If the dragonrider was fishing for an invitation, the captain wasn’t in the mood. “I’m not some fancy liner traveling from city to city. This is where I live, too.”
The door closed; the room faded back into blackness.
Anahrod remembered to breathe and then pulled her sword out from behind a storage bin and buckled it around her waist.

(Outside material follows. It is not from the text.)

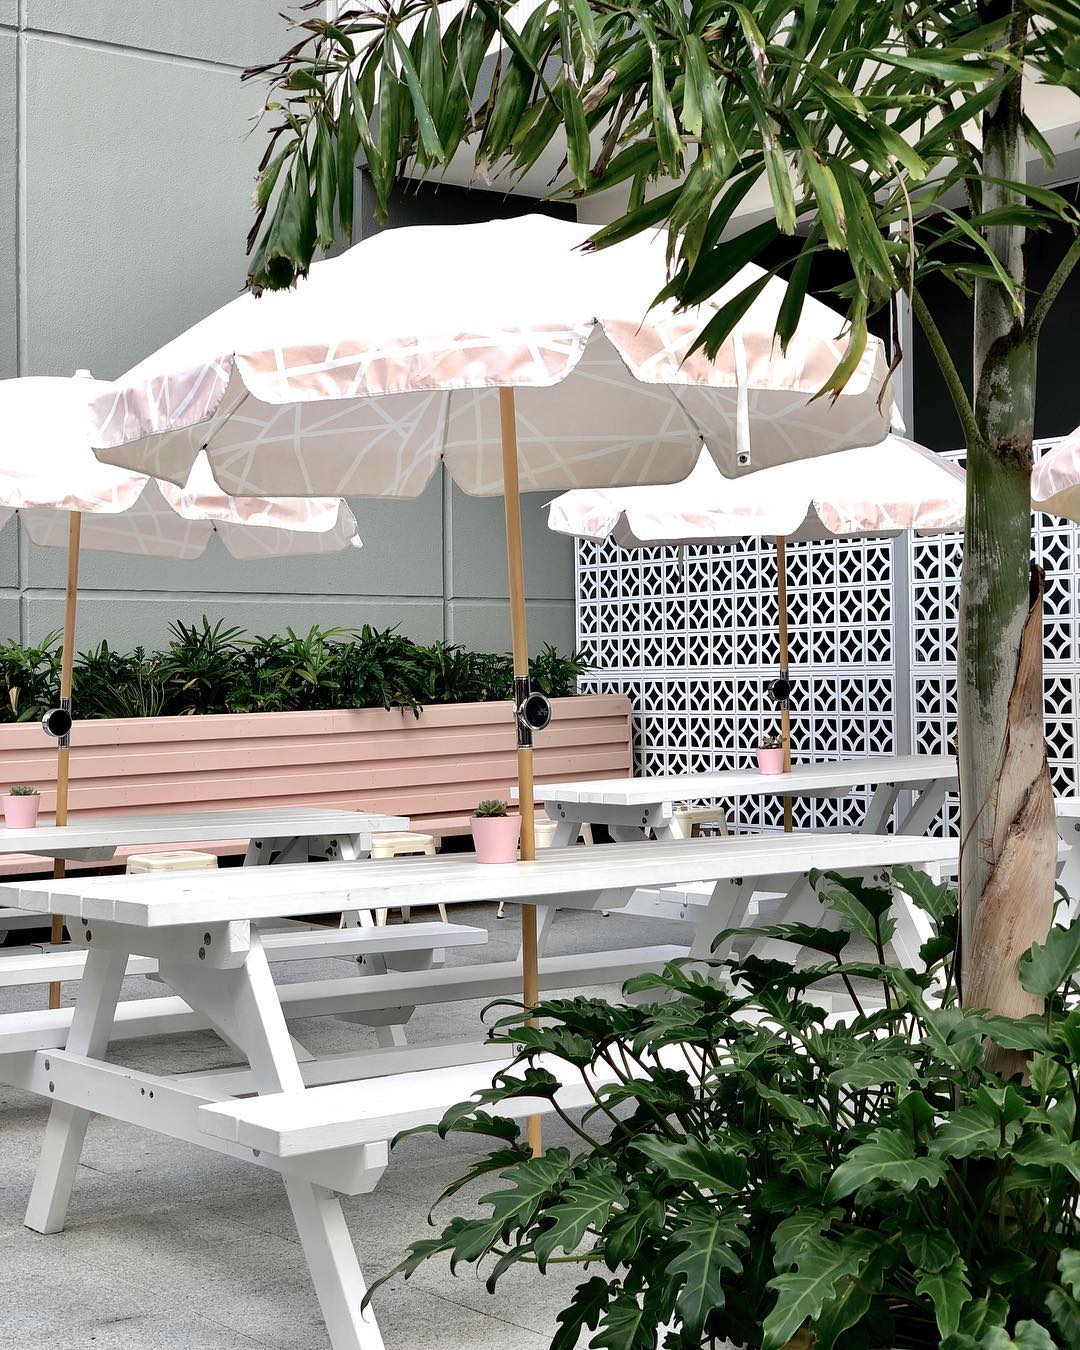 white picnic tables under pink striped umbrellas in a courtyard

She didn’t remember the dragonrider’s name. Maybe she’d never learned it. She thought Tiendremos might have had a different rider when she’d been at school, although she wasn’t certain. She’d only seen the dragon from a distance and had never spoken to his rider.
The smart thing to do was to stay right where she was. They’d already searched the pantry, after all.
Just as she’d made this determination, a mental voice cut across her thoughts.
[You’re a simpleton.]
She froze. As before, the dragon wasn’t talking to her.
[Must I tell you how to do everything? The solution is obvious. Tell this captain that if he doesn’t bring out Anahrod in the next five minutes, I will rip his flying vessel apart piece by piece until I find her myself.]